Objectives : Many individual or collective decision making contexts involve computationally hard problems, either because of the combinatorial structure of the choice space, or because of the 'computational resistance" to strategic behaviour. This course aims at introducing the main classes of problems and algorithmic techniques in decision theory and social choice, and to study a few classes of applications.
Contents:
- preference representation and optimization on combinatorial domains (CP-nets and extensions, GAI-nets, valued constraint satisfaction problems; applications)

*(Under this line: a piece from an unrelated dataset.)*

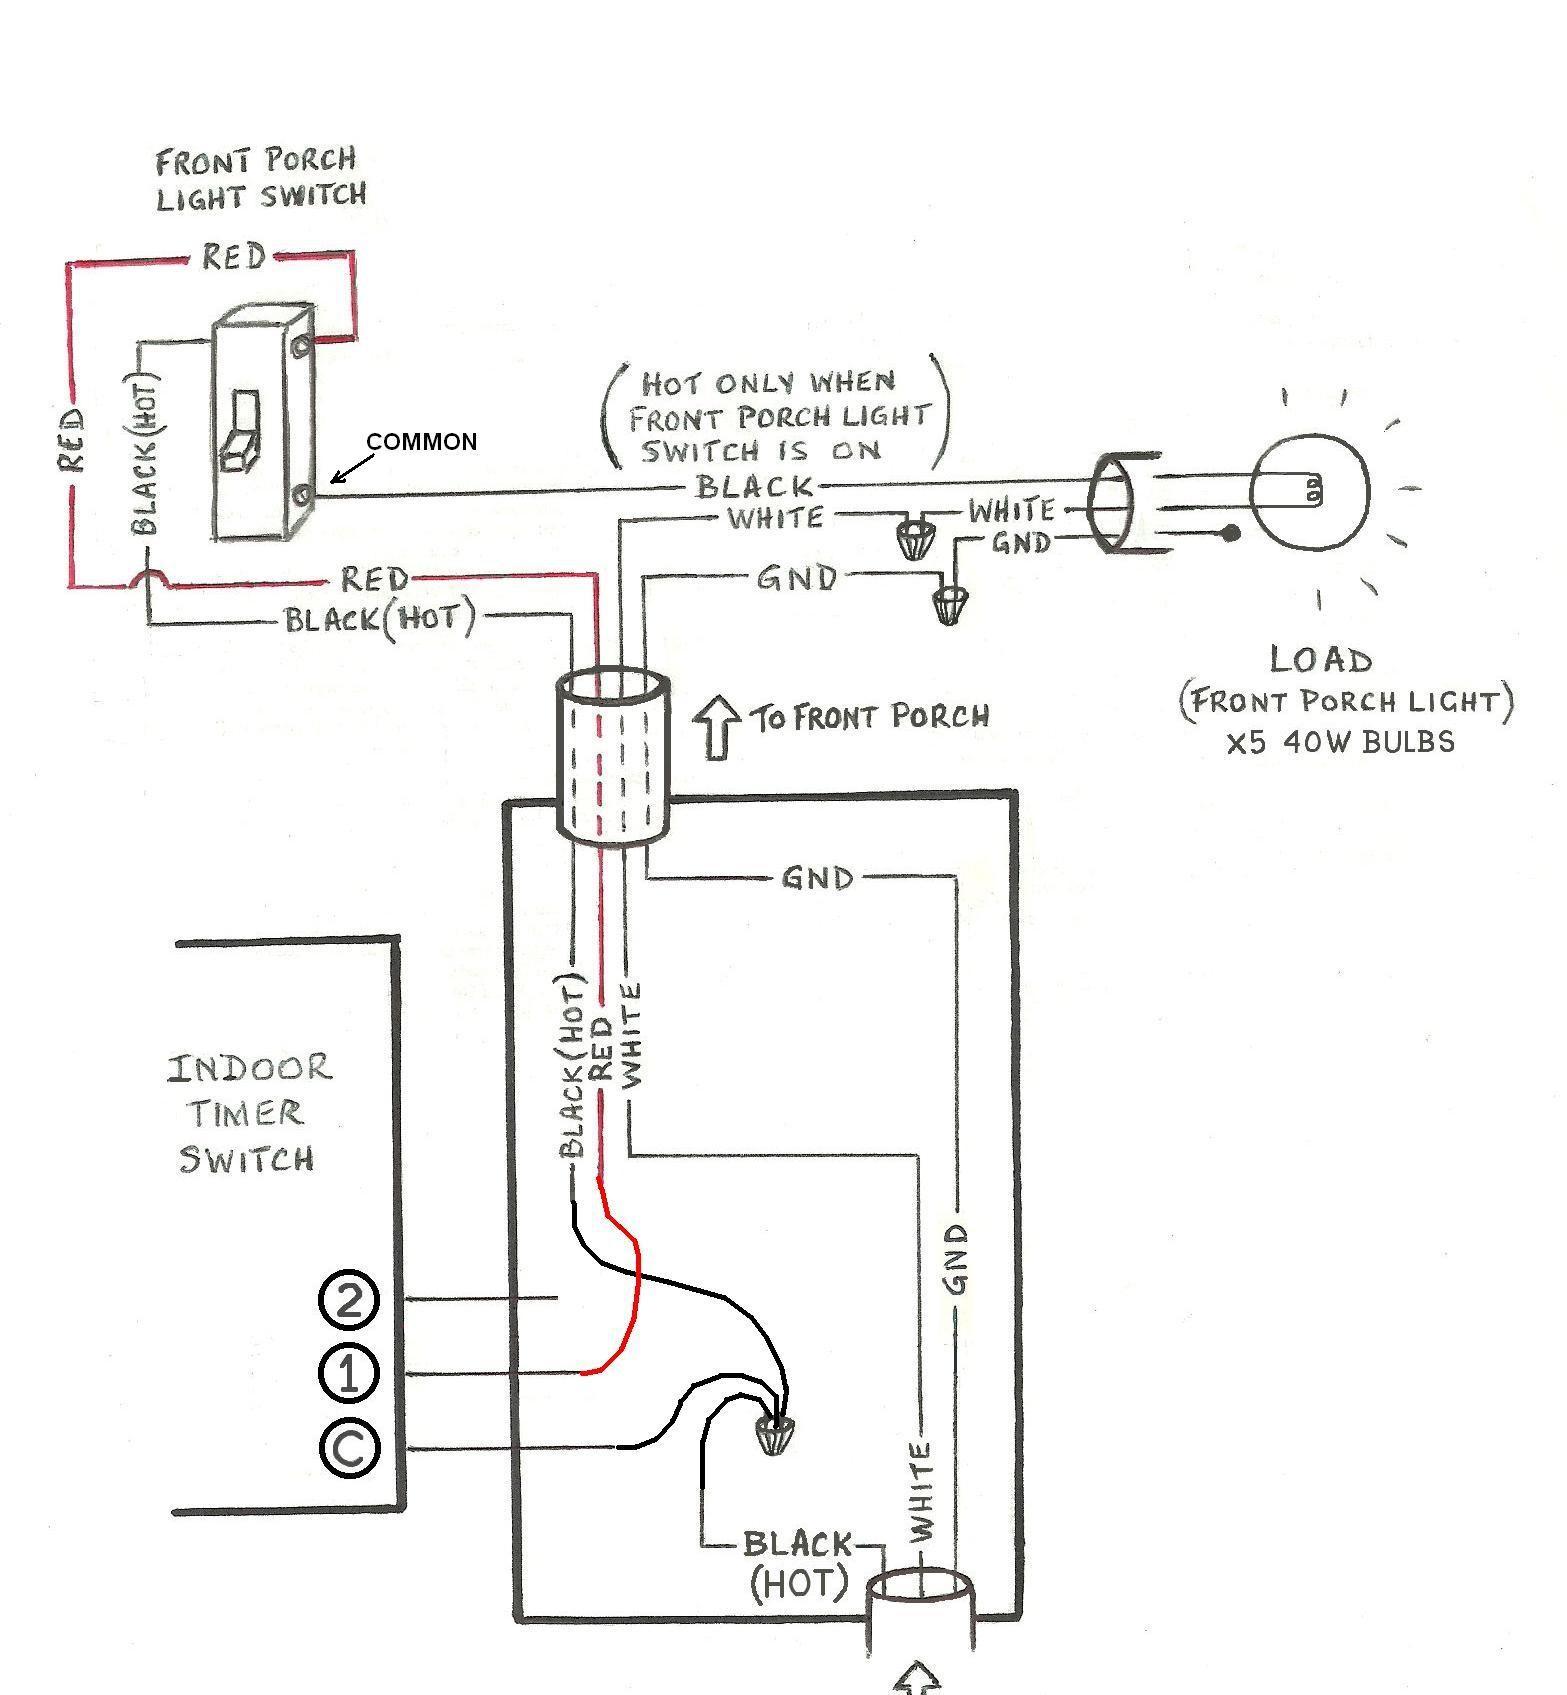 led wiring diagram 120v 73 dodge dart lighted rocker switch collection

- algorithms for sequential decision making: planning, fully or partially observable Markov decision processes, influence diagrams
- algorithmic aspects of voting: computationally hard voting rrules, voting on combinatorial domains, computational resistance to strategic behaviour, communication and incomplete preferences
- resource allocation: combinatorial auctions (elicitation lannguages, winner determination algorithms), fair division.
Bibliography:
- Concepts et méthodes pour l'aide à la décision (D. Bouyssou, D. Dubois, M. Pirlot, H. Prade, editeurs), Hermès - Lavoisier
- Handbook of Constraint Programming (T. Walsh, F. Rossi, editeurs), Elsevier
- Handbook of Social Choice and Welfare (K. Arrow, A. Sen, K. Suzumura éditeurs), Elsevier.